Сано вошел в камеру, и тюремщик запер за ним дверь. Кроме ведра для нечистот, стоявшего в углу, здесь ничего не было. Дождевые капли пролетали мимо единственного окна, прорубленного на уровне потолка, и стучали по черепичной крыше. Перед Киёси, стоявшим на коленях на грязном полу в центре камеры, находился поднос с рисом и солеными овощами. На нем было рваное муслиновое кимоно. Он никак не отреагировал на Сано, который произнес его имя. Сано опустился на корточки напротив юноши, поеживаясь в своем промокшем одеянии. От стен камеры шел пронизывающий холод.
— Киёси! — повторил Сано. — Ты слышишь меня?
Лицо юноши казалось вырезанным из слоновой кости, красивые черты заострились. Он выглядел бледным и совершенно безжизненным. Мертвенность лица усугублялась рассеченной губой и синяком на скуле.
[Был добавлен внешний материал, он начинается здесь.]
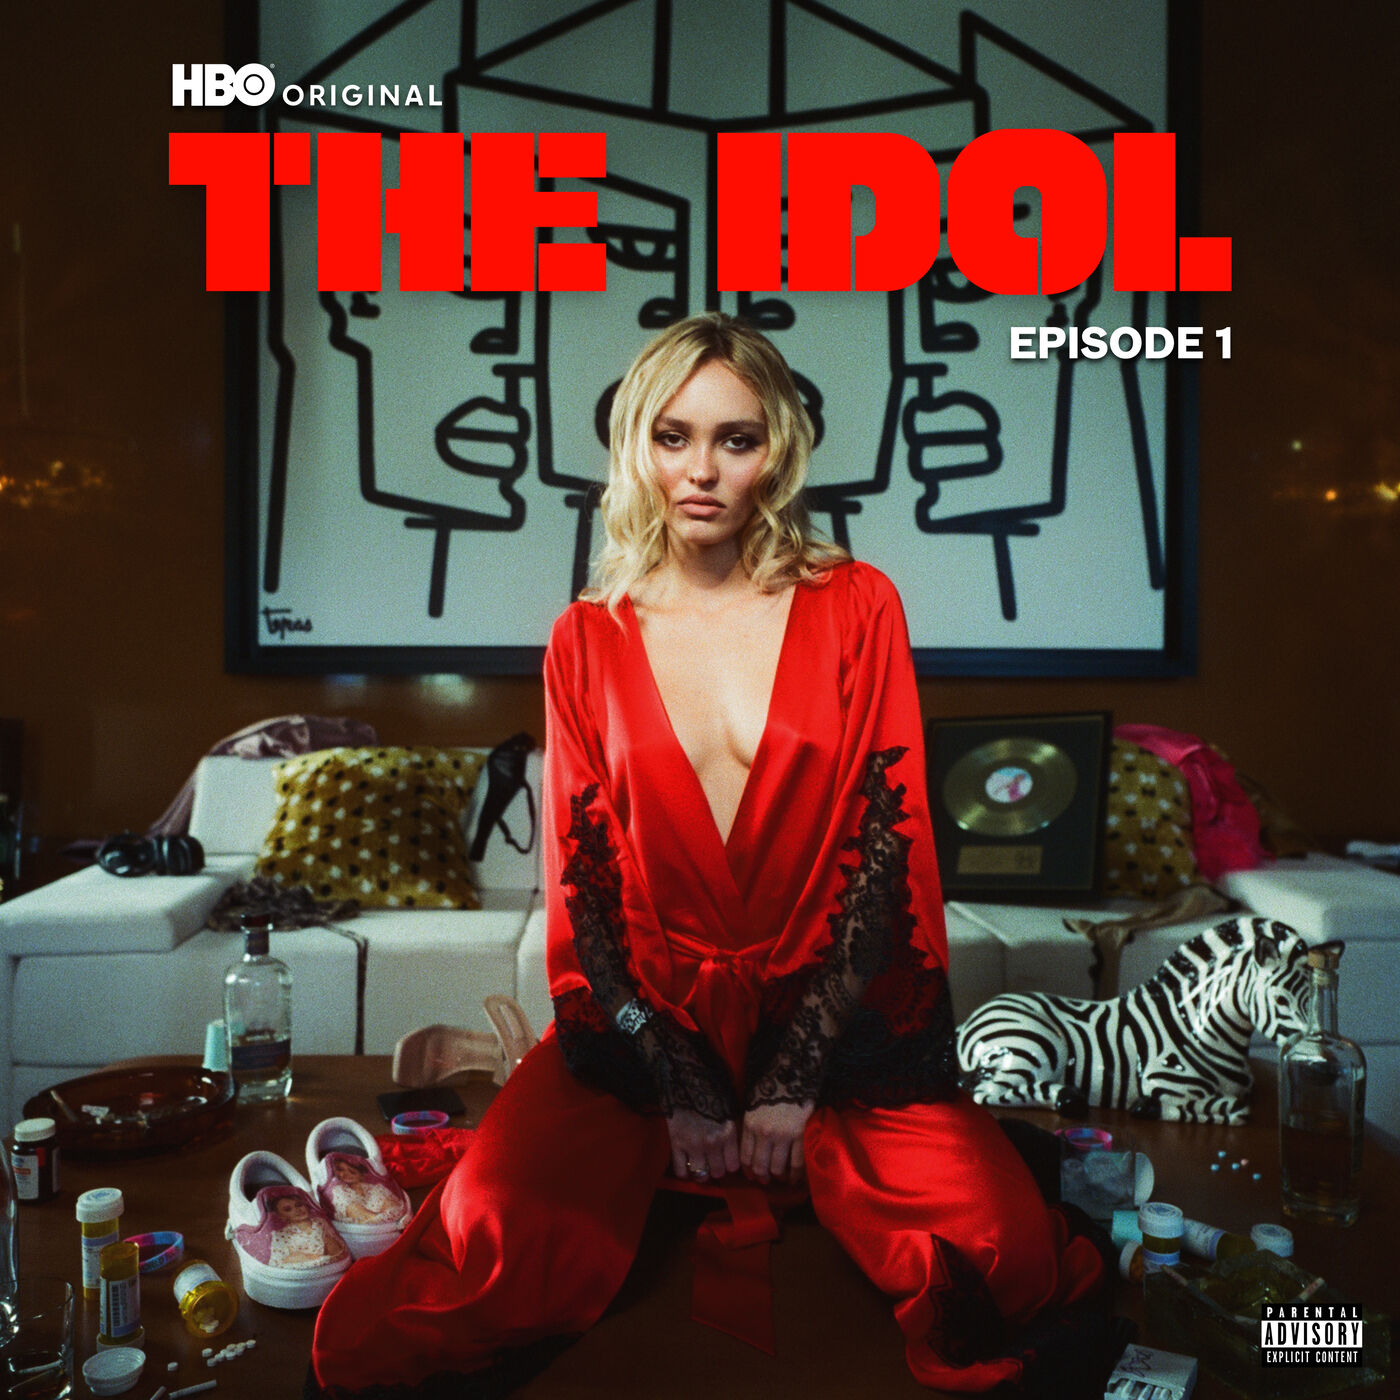 The Weeknd – The Idol Episode 1 (Music from the HBO Original Series)Ⓔ【88.2kHz／24bit】美国区-OppsUpro音乐帝国

Его взгляд был устремлен внутрь; руки неподвижно лежали на коленях ладонями вверх. И все же Сано заметил, что Киёси испытывает боль. Желание заставить его сказать правду уговорами или насилием сменилось сочувствием. Ложь мальчишки привела к тому, что Сано сочли виновным, но также обрекла и его самого на позорную смерть.
— Как ты себя чувствуешь, Киёси? — тихо спросил Сано. — Как к тебе относятся тюремщики?
Нет ответа. Юноша словно не сознавал, что в камере есть кто-то еще. Сано, пытаясь достучаться до него, повернулся к подносу.
— Не похоже, что ты ел, — заметил он. — Не хочешь?
Обратив внимание на качество еды, он с отвращением поморщился. Рис был пережжен, моченая редиска заплесневела, от всей этой массы исходил отвратительный запах кислятины. — Начальник тюрьмы! — крикнул Сано. Дверь открылась слишком быстро, и Сано заподозрил, что тот подслушивал снаружи. — Унесите эту гадость и принесите что-нибудь получше.
Тюремщик нахмурился:
— К нему должны относиться также, как и к другим заключенным — никаких особых привилегий. Приказ губернатора Нагаи.
Как быстро и бесповоротно губернатор лишил своей благосклонности бывшего протеже, подумал Сано. Он в самом деле верит в виновность Киёси или же хочет дистанцироваться от сообщника, которого сделали козлом отпущения?
— Принесите горячего супа, свежего риса и саке, — сказал Сано начальнику тюрьмы. — Я беру ответственность на себя.
— Будь по-вашему. — Пожав плечами, тюремщик взял поднос и ушел.
Когда принесли еду, Сано поставил ее перед Киёси, но юноша не прикоснулся к ней. Сано поднес ложку с супом к его губам.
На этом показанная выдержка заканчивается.